В застольных попойках, в подогретой вином радости, пьяноватом веселье и оживлении Света не сторонилась всех, но и не пила почти. И к ней не приставали с питейным занудством: выпей да выпей… После так называемого обеда, как других, ее никогда не хватали за руки, за ноги, чтобы с дикарским ухарством протащить на весу к воде, раскачать и швырнуть в реку, не заботясь, умеет ли жертва плавать.
Чаще всего дядина «компашка» собиралась с бессмертной для братьев-славян необязательностью: договорятся на восемь утра — хорошо-то, к девяти сойдутся к назначенному углу улиц Серышева и Калинина. Настоишься там под молоденькими, жидкими вязами, возле низенькой деревянной оградки — ни сесть, ни прислониться. Света никогда не опаздывала.

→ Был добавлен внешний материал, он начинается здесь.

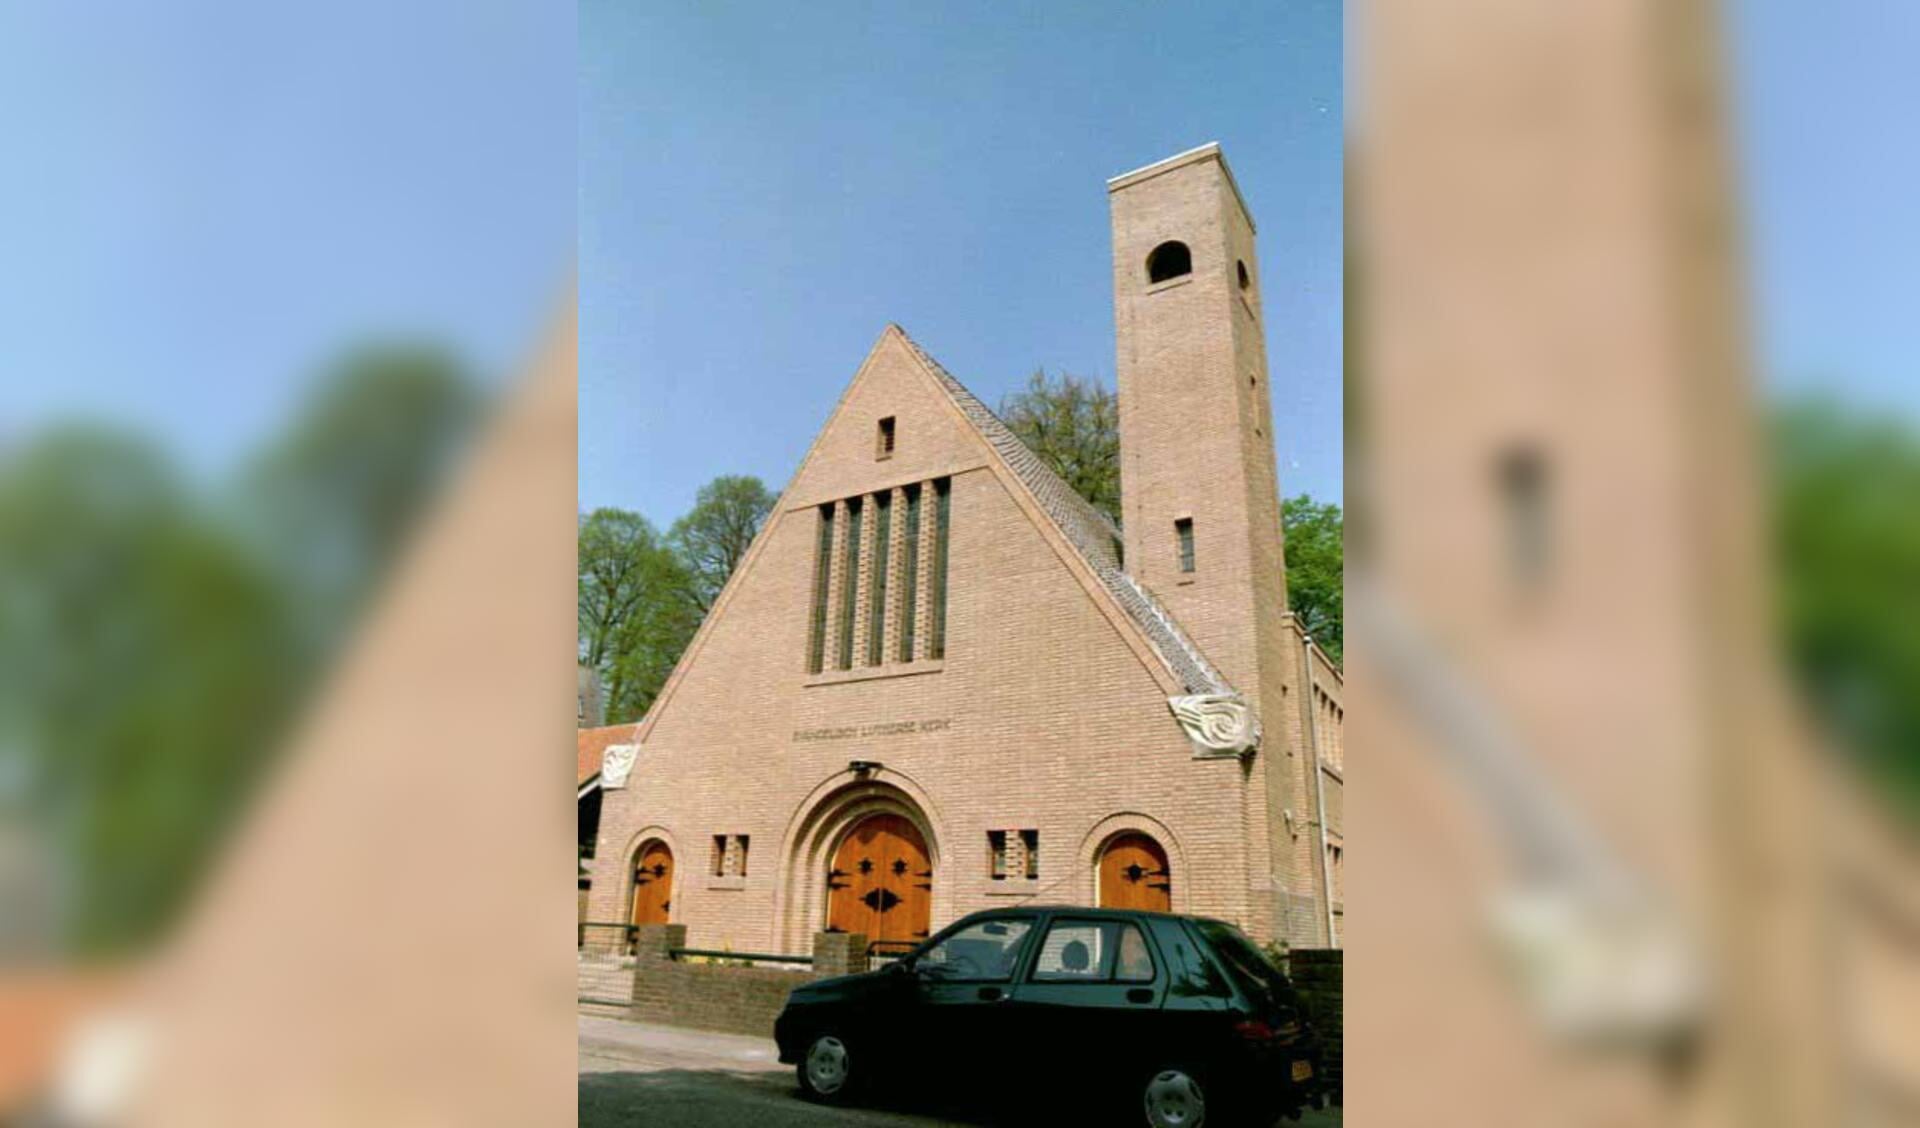 Kerkgebouw in Hilversum krijgt een nieuwe bestemming.

И приходила не одна — поднимала по пути несколько подруг. А дожидалась она не поглядывая то и дело на часы, не поминая имен каких-то Бородиных или Жени. Улыбалась с ясностью и добротой утреннего солнца, еще не жарко окатившего погруженный в зелень наш полудеревянный город, и занимала всех рассказами и расспросами о чем-то студенческом.
Задержка со сборами кончалась тем, что мы опаздывали к разбору не только лучших, но и сносных мест под ивами. Перебранка, выяснение, кто тому больше виной, портили всем настроение. И тогда, восстав коротко, но решительно, Света уводила на Сухую протоку.

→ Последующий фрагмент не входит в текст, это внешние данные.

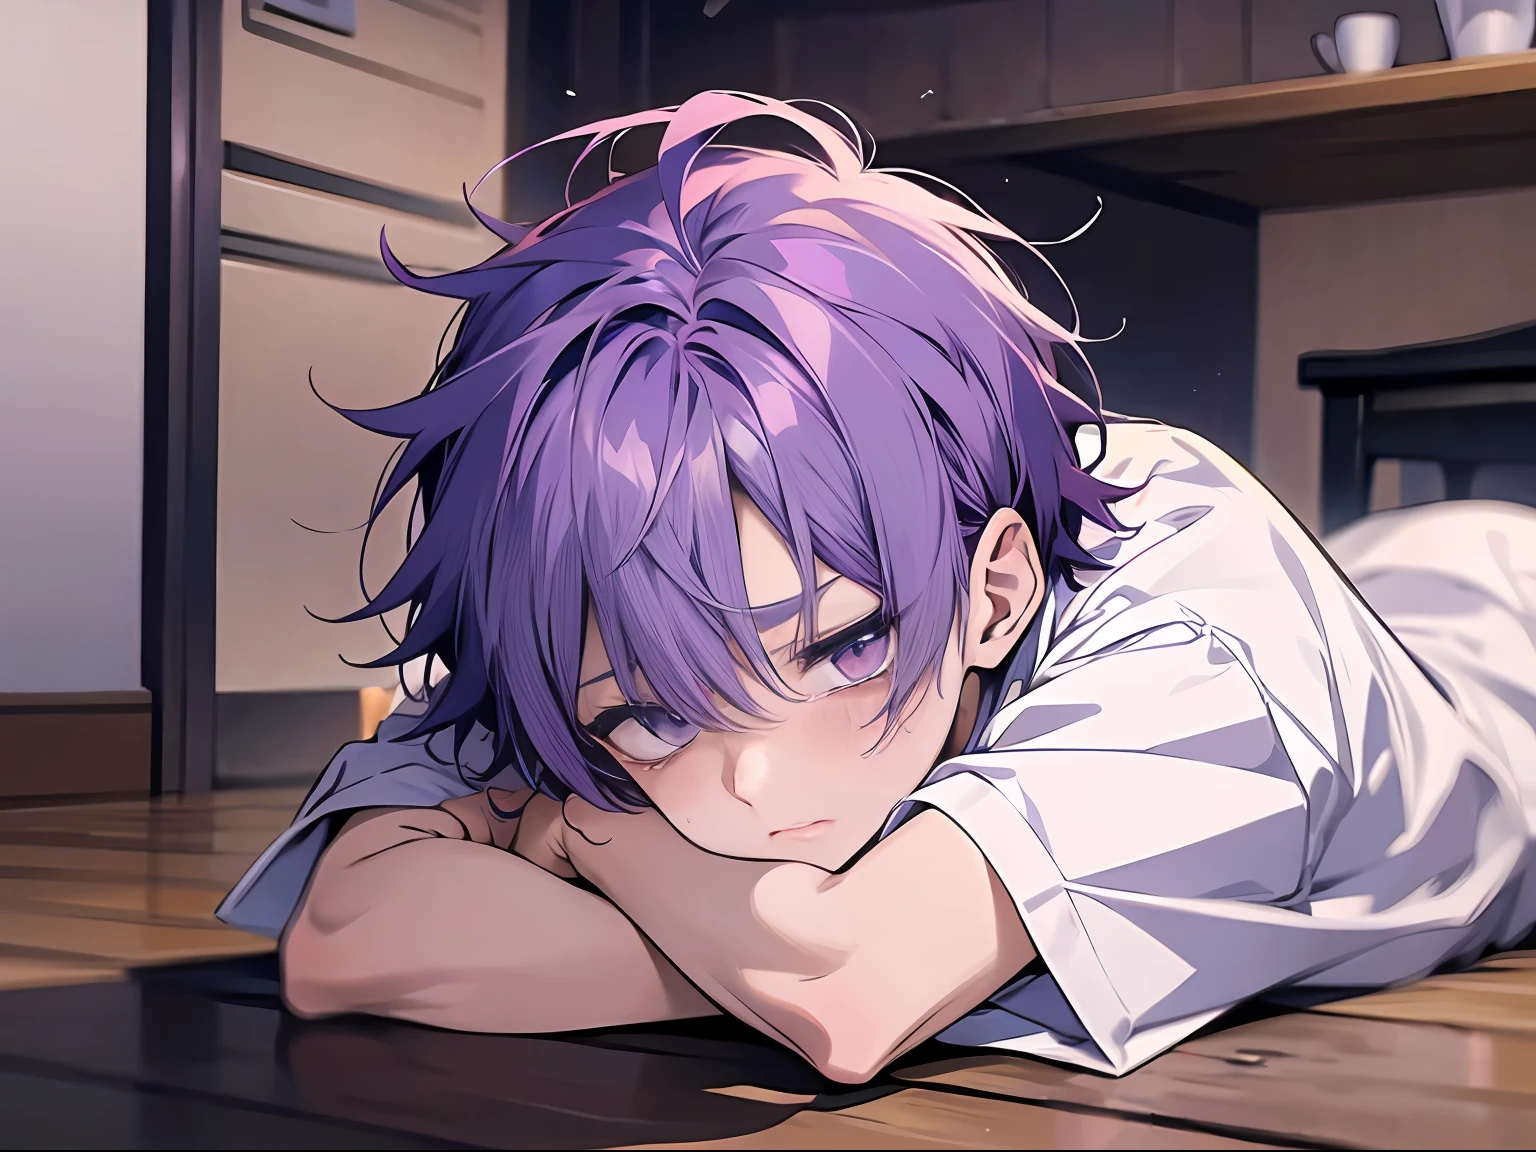 (アニメ風+柔らかいかわいい)男 、紫色の髪、白のシャツ、悲しむ+嗚咽する、

Настоящий левый берег, просторный остров, между главным руслом реки и ее Бешеной протокой, бурной и разрушительной, начинался за пляжами, за болотцами и кочкарником и тянулся во все стороны широкой луговой прерией, оставлявшей на зиму заросли высокого, с пушистыми метелками ковыля. В глубине остров пересекала мелкая, местами почти совсем пересыхающая протока, прозванная Сухой. По ее руслу попадалось много длинных отмелей из удивительного песка, мелкого, будто просеянного, чистого и бархатистого.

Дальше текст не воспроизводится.